I've been teaching guitar online for the last two weeks to about 50 students, and I've used different systems, because it turned out that there's no single system that works in practice for all students. However, I mainly use browser based systems, and on average they work fine.
I've also encountered the first problem you describe, namely the deterioration of any sound other than speech. This has nothing to do with the system you use. It can happen on skype or anywhere else. It has to do with the device on the other end of the communication link. Some devices try to detect speech and suppress anything else, which they classify as noise. Depending on the system, there may be an audio setting that allows you to switch off that "optimize for speech" setting, but how and if it is possible at all depends on the system, the drivers, etc. In general, unless the student is handy with computers, you're out of luck in such a situation. Now, this only happens when the student uses the built-in mic (or a mic directly connected to the computer via the analog audio input). If you can convince the student to use a USB-mic or to connect a mic via an audio interface the problem will be solved.

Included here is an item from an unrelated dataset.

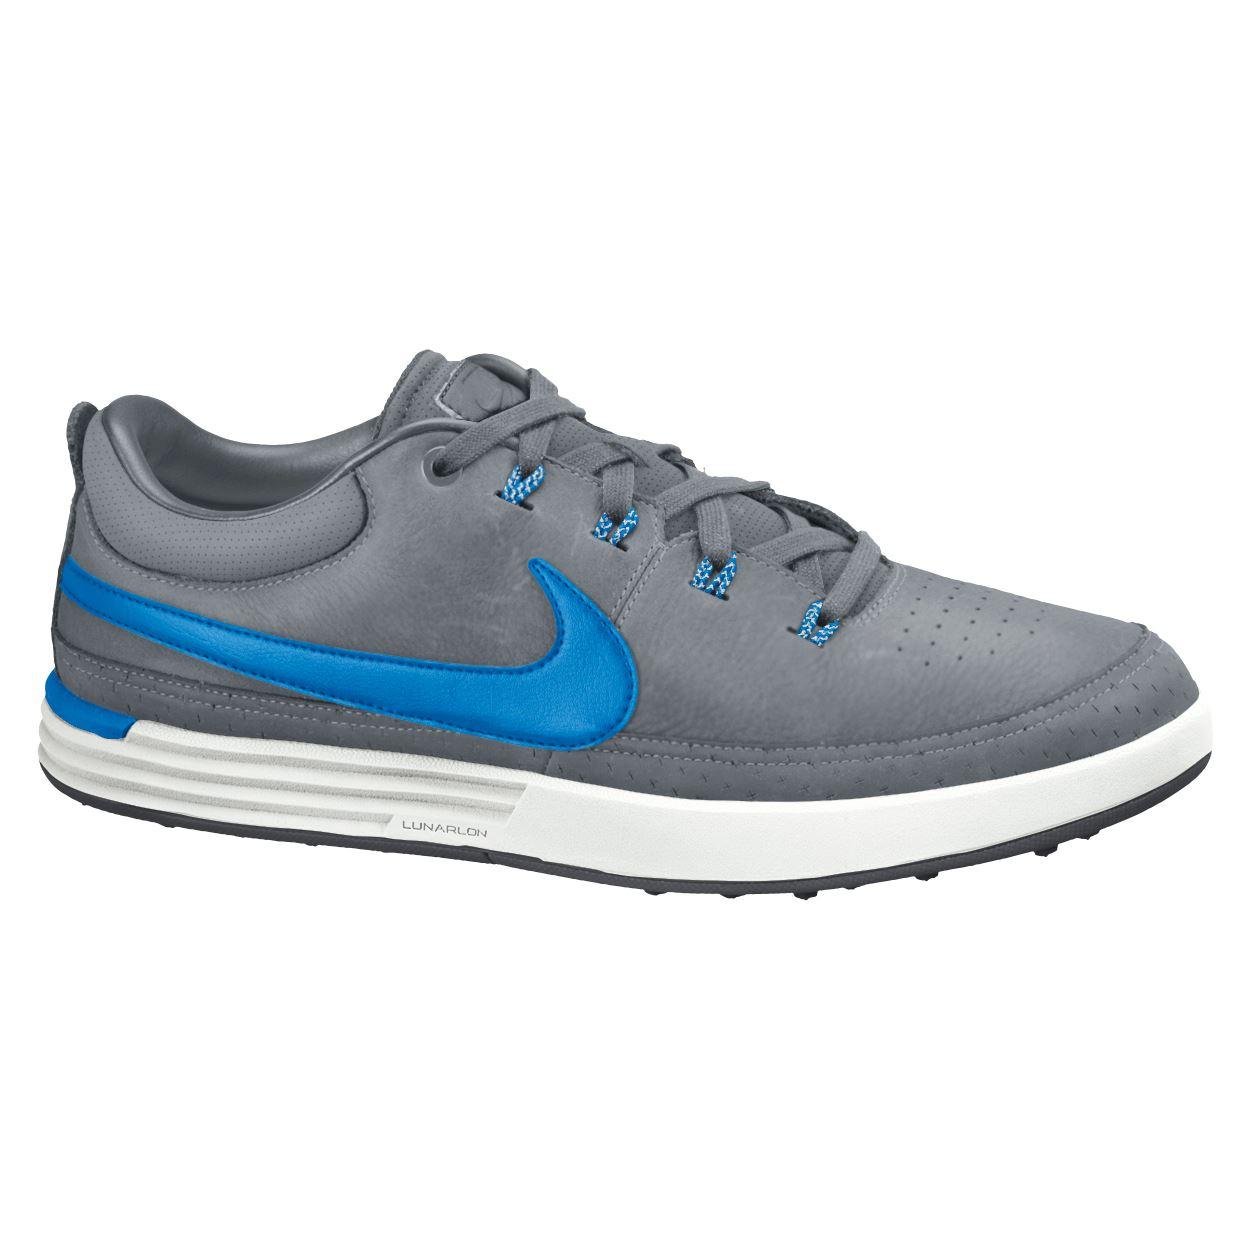 Nike Mens Golf Shoes Ebay

As for delay/latency, that's inherent to internet communication, and you can't get rid of it. As far as I know, there is no simple way to actually play/sing together in such a setting. Of course, the teacher can play an accompaniment and the student can play/sing along, but the teacher won't be able to hear if the student's timing is correct. One way to fix that is to send a recording to the student, have the student play it back during the lesson while she/he sings/plays along. In that case it's possible to judge timing and phrasing because both sounds are fed back in sync via the student's mic.